The Astro Motel, once a haven for tired long-distance travelers near Waco’s infamous traffic circle, and more recently a high-crime address, has been shuttered and will fall to accommodate the widening of Interstate 35.

A notice from McLennan County Constable Freddie Cantu declared that “owners, employees and tenants” have been evicted, and warned anyone entering the premises could face criminal trespassing charges.

The notice is dated Jan. 9 and was tacked to a piece of plywood at the entrance to the hotel at 3416 S. J.H. Kultgen Freeway on the northbound interstate frontage road between New Road and the circle. It lies along a stretch of road that has seen the El Chico restaurant close and Texas Roadhouse Steakhouse face losing a slice of its parking lot due to the Texas Department of Transportation’s plans to widen I-35 from North Loop 340 to South Loop 340.

Land acquisition has been ongoing for years, and work will officially begin this spring, the transportation department has confirmed.

The department does not routinely resort to eviction notices to clear those living or staying on property it has bought or agreed to buy.

The Astro Motel proved a different story. Built in 1958, its rambling, ranch-style architecture, courtyard and offers of free HBO cable made it popular with travelers between Austin, San Antonio and Dallas. The Texas Historical Commission even listed it as a potential candidate for the National Register of Historic Places.

But time was not kind to The Astro Motel.

“It was a source of many calls for us,” said Waco Police spokesman Sgt. Patrick Swanton, speaking by phone. “Unfortunately, some lower-income hotels like that draw a criminal element, and that location had its share we had to respond to. Most recently, a wanted person barricaded himself in the attic of one of the spaces there. One bad apple can spoil the whole bunch. Some people living there are just down on their luck and needed a place to stay, but a lot of times there were less desirable people.”

He mentioned calls related to fights, wanted individuals and drug use.

Waco attorney Fred Brown, who represents owners Abdul Madatali and Wazir Madatali, said his clients negotiated a deal with TxDOT to sell the property, though he would not discuss specifics. Several of the last five or six residents, however, were in no mood to leave.

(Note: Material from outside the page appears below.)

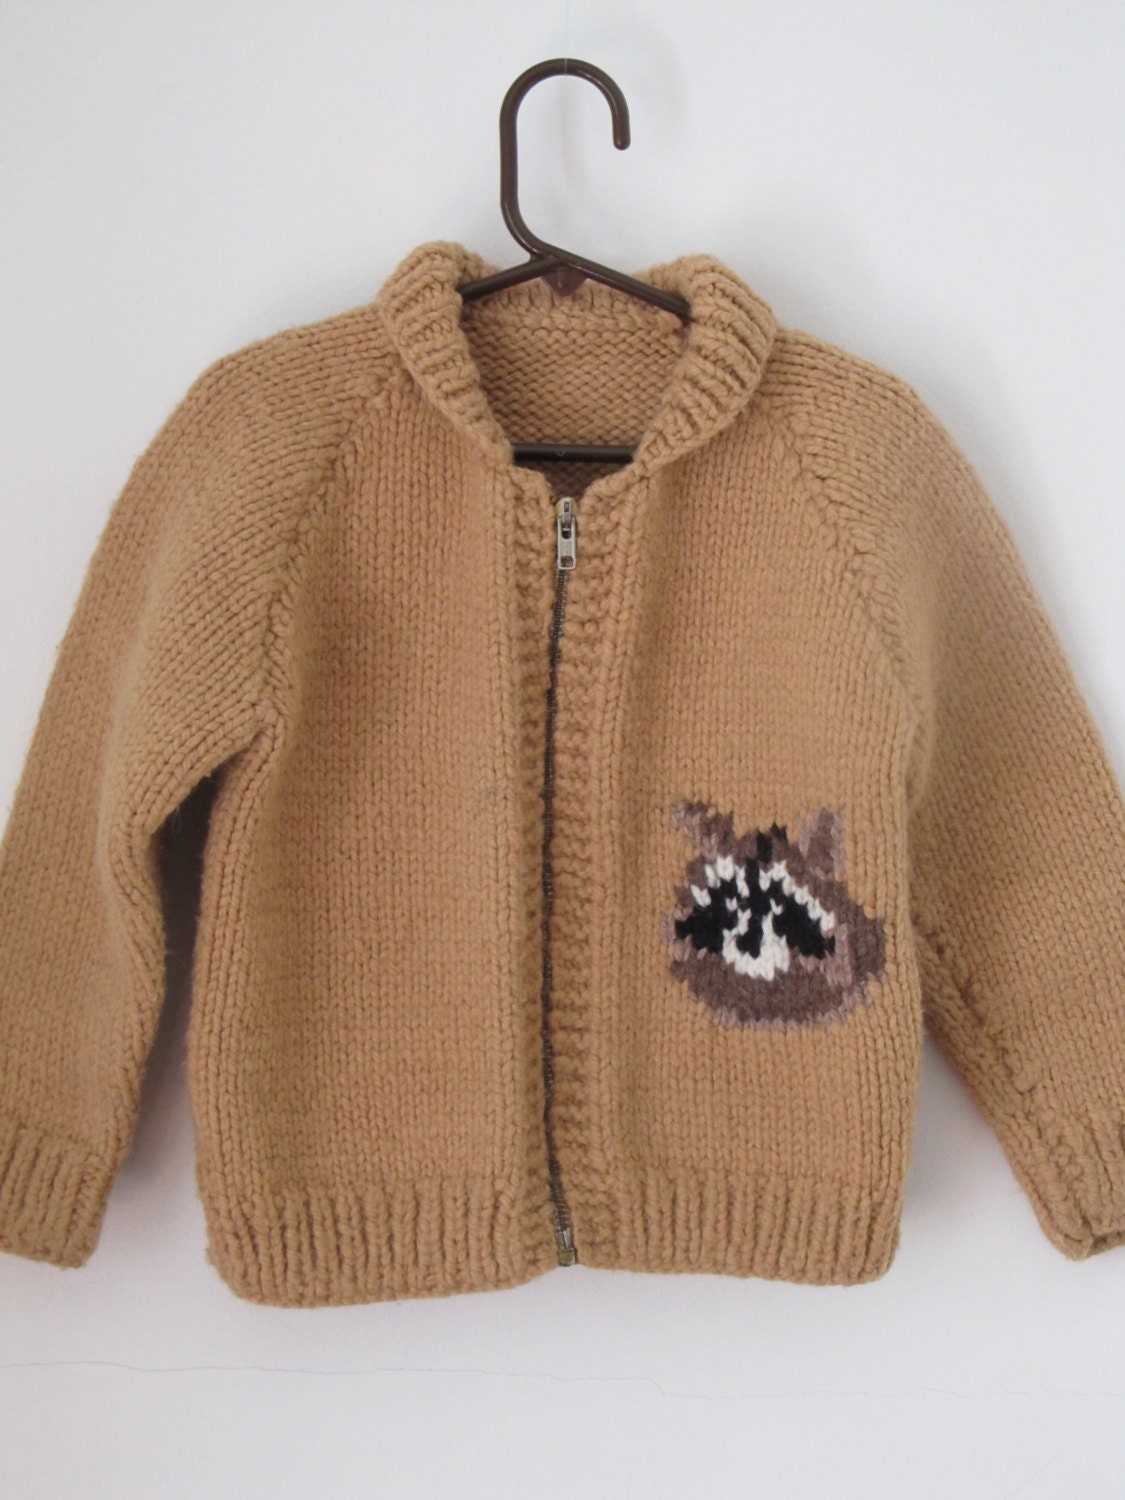 Child's Cowichan Hand Knit Wool Sweater With by SPECIALFXofALBANY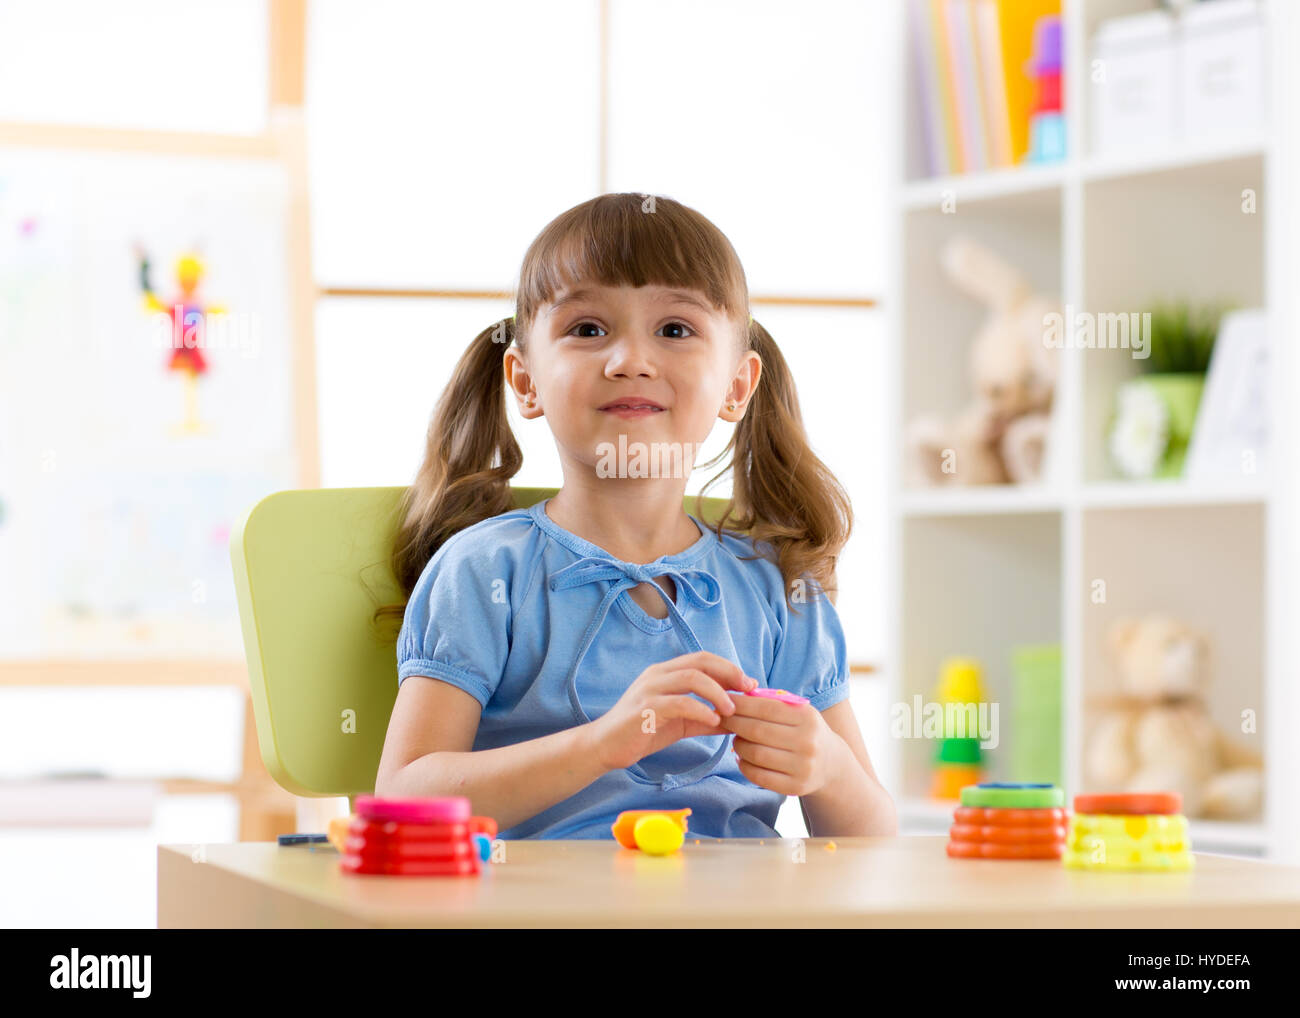 Kid girl playing with plasticine at home Stock Photo

“When you live at a place, even a hotel, longer than 30 days, you are given a relocation check. You make your move, and TxDOT gives you check,” said Brown. “Several said, ‘No, we want the check first.’ My clients told TxDOT they no longer had a dog in this hunt, and said the highway department should take control. Again, some did not want to leave. Who knows everyone’s motivations? Anyway, TxDOT ended up placing a notice on the door of every occupied room. There were not that many. Most had already moved out. Finally, the eviction notice brought the matter to a close.”

Brown said the TxDOT deal would have left the business partners with a fraction of the one-acre site, so they chose to pull the plug.

“The hotel/motel industry has changed dramatically, become very competitive,” he said. “To get back in would take a lot more than they got for this place. I doubt they get back into the lodging industry.”

The Astro Motel site carries a $970,640 appraised taxable value, with $204,870 representing the value of the land, according to the McLennan County Appraisal District. The McLennan County Tax Office said $37,048 in delinquent 2017 taxes are owed on the property.

Waco real estate agent Gregg Glime is listing a 21,900-square-foot office and warehousing building on Interstate 35, near the Astro Motel and previously occupied by Nearly Me Technologies, a maker of prosthetic fashion products. He said he knows of no interest by TxDOT in that property.

“But I am hearing the highway department is being generous,” he said.

TxDOT spokesman Ken Roberts on Monday confirmed TxDOT had purchased the Astro Motel site “as part of our right-of-way acquisition that has been going on at least two years,” he said in a phone interview.

Asked about the eviction notice, he said, “This is not a process that started a couple of months ago. It’s been going on two years. It’s not something that suddenly came up as a surprise to anyone.” He said he could not make a blanket statement about which properties the department would or would not be interested in acquiring due to the ongoing I-35 widening.

He acknowledged the state has not yet authorized funding to widen that portion of I-35 that includes the Astro Motel, “but we have to move forward anticipating we will receive the funding to continue.”

This spring, TxDOT is scheduled to begin work on widening the interstate to four lanes in each direction from South 12th Street northward, a project that could cost an estimated $300 million and last four to seven years.

A visit to the Astro Motel site on Monday revealed signs advertising weekly rates for $140 plus tax, a decorative deer with a shattered ear, the eviction notice signed by Constable Freddie Cantu, and lots of litter. A Bible from the Gideon Society and a coffee pot sat side-by-side near an entrance.

Grafitti created with black spray paint delivered messages.

“Astro’s Closed but we’re still killin’ it,” said one.

“Our last hoorah,” proclaimed another.